Telnic’s proposal to modify the data displayed to the world of its registrants, especially individuals, takes into account the legal requirements of the UK Data Protection Act of 1998 and the EU Privacy Directive.  These laws of a country and a continent provide rights to individuals which allow them to control the distribution of their personal data.  Individuals cannot have their address, phone, fax and email published without their express consent. 

Telnic has handled this matter properly.  It has consulted with the UK Information Commissioner's office which oversees and enforces data protection laws in the UK.  Its proposal follows the example of Nominet, the UK country code, which has a Whois policy that allows .UK registrants to protect their personal data.  It also follows the example of the Global Name Registry, incorporated in the UK and the first sponsored gTLD to seek to modify the gTLD Whois requirements to better protection personal data under law.

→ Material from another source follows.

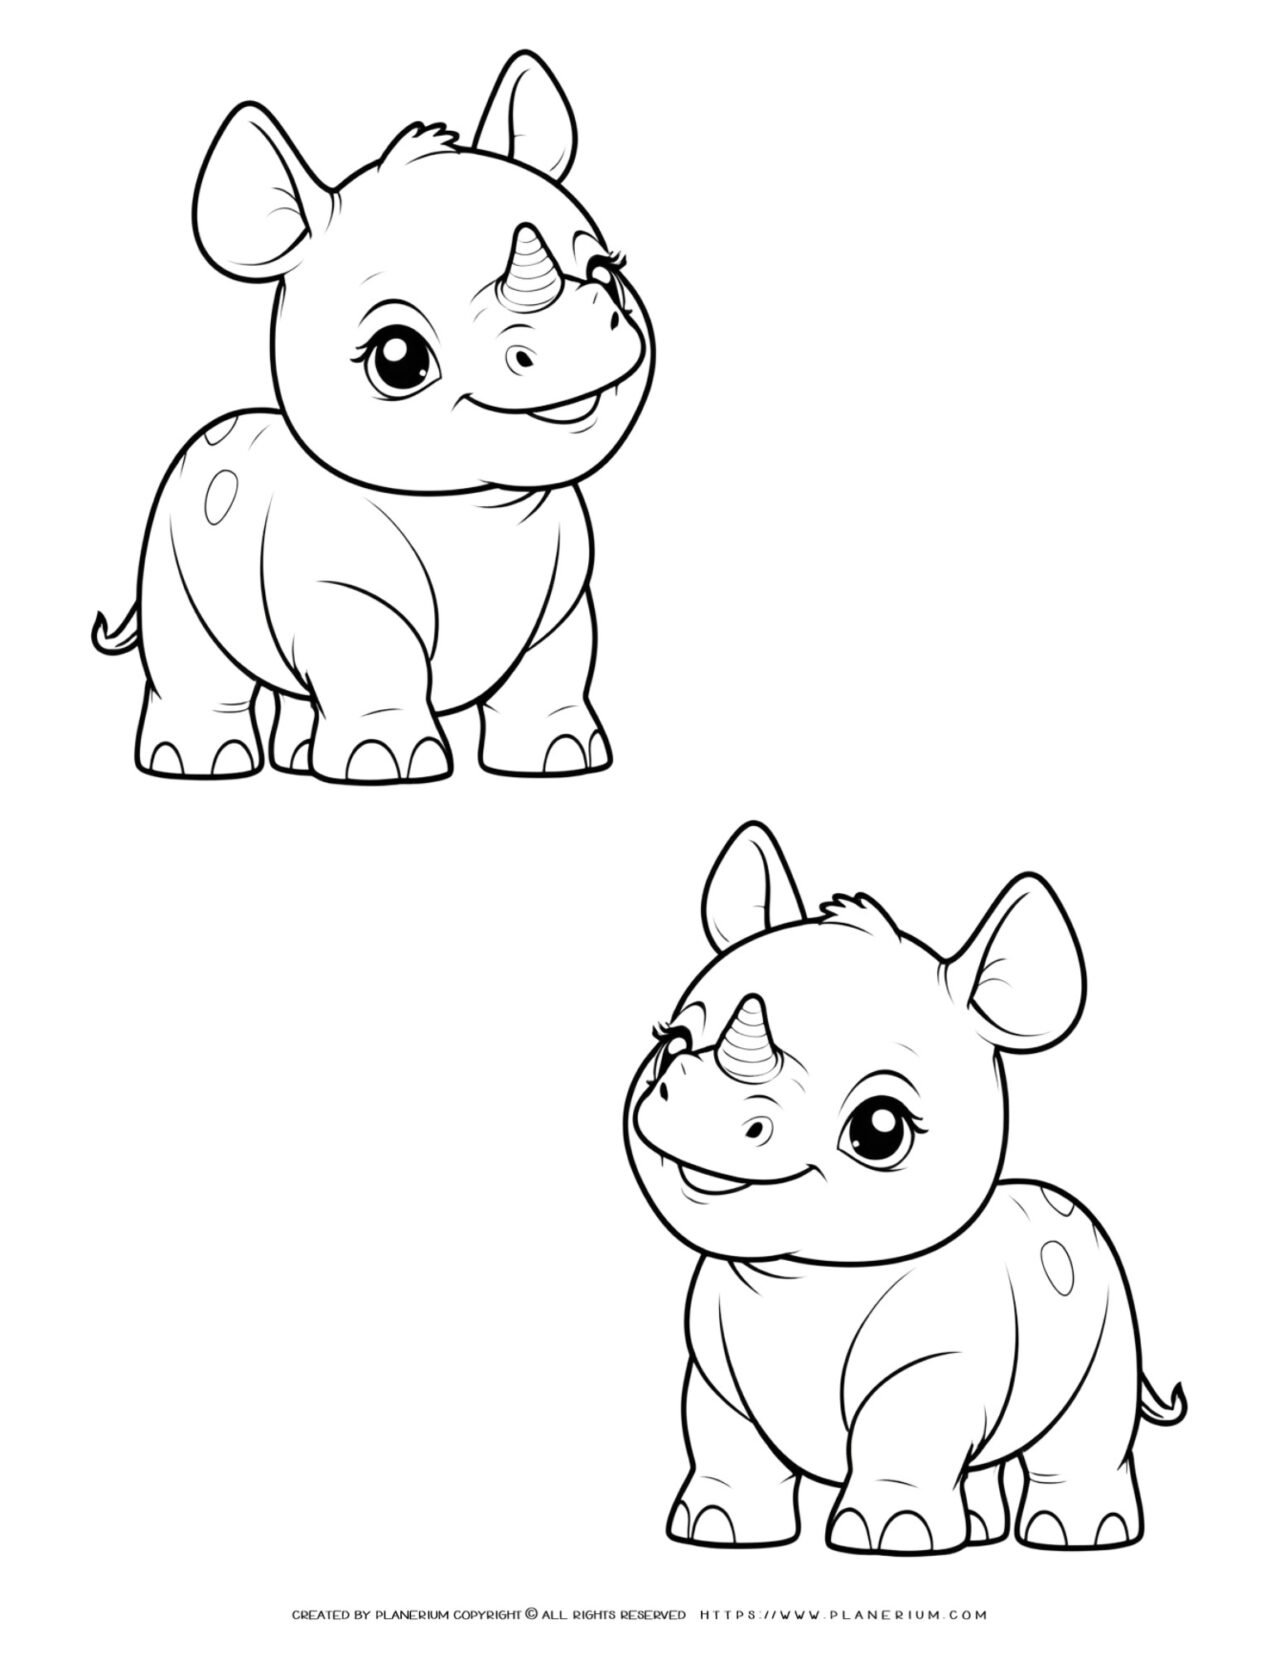 two-cute-baby-rhinoceros-outline-animal-coloring-page-for-kids
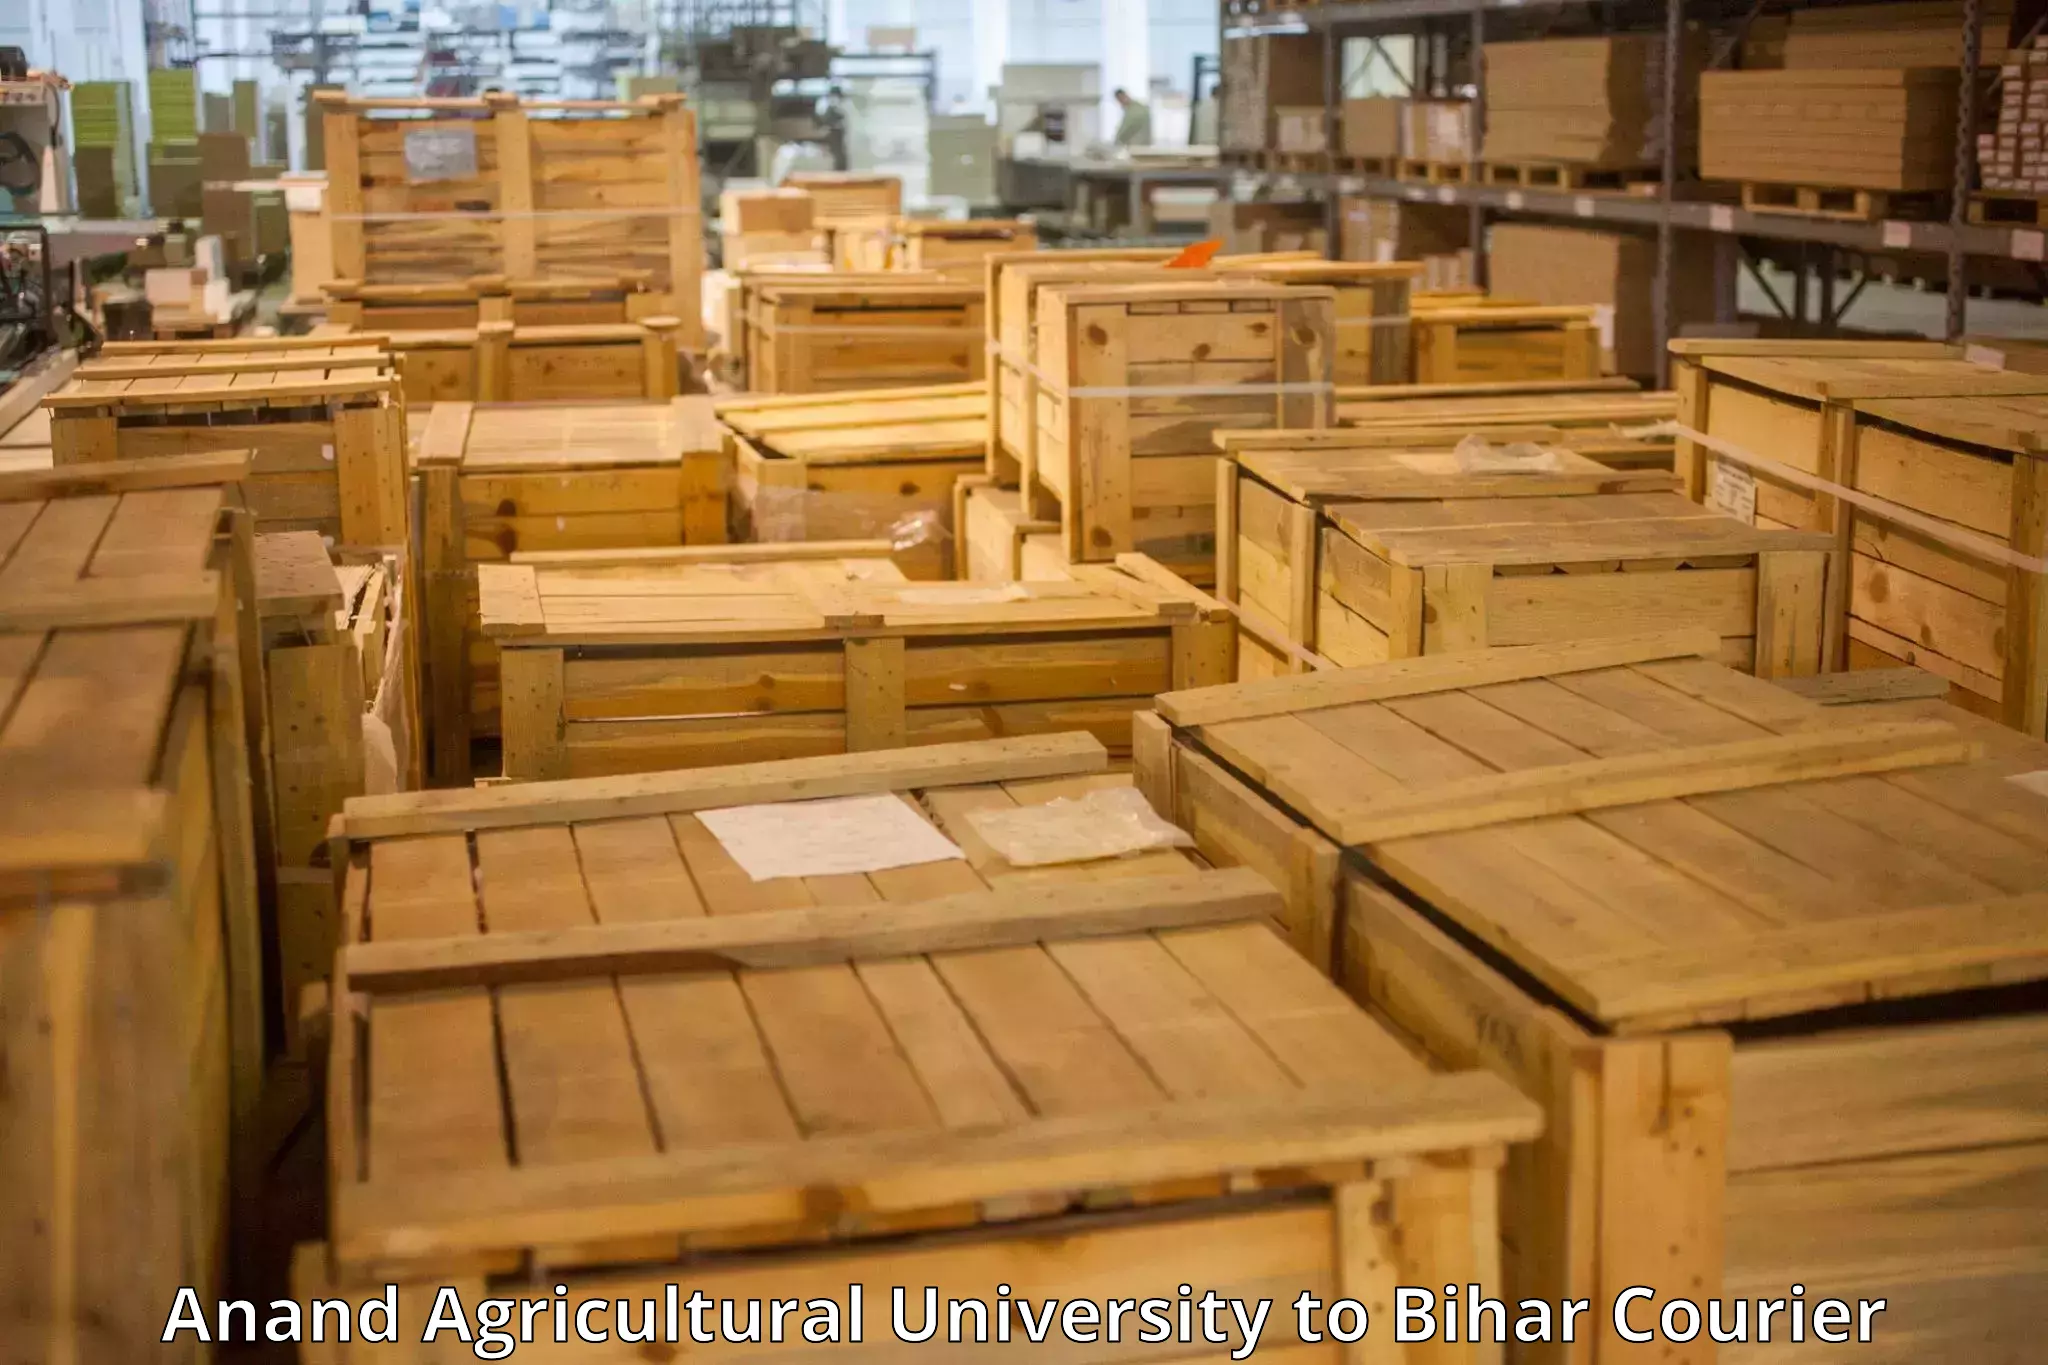 Baggage shipping service Anand Agricultural University to Sugauli

It is a completely unacceptable to ask a registry to violate civil and criminal laws as a condition of operating in the ICANN community.  It is a Catch-22 the Whois Working Groups and even the GAC have expressed concern over many times. Telnic wisely chose the proactive approach – to seek compliance with both ICANN contractual requirements and the UK and EU laws. It is an important request.

The NCUC strongly supports the grant of Telnic’s request as consistent with good business practices,  fostering corporate compliance with national law, and making clear that “gTLD Whois services must comply with applicable national laws and regulations” [GAC communique of Whois

We ask that ICANN adopt the Telnic proposal with alacrity.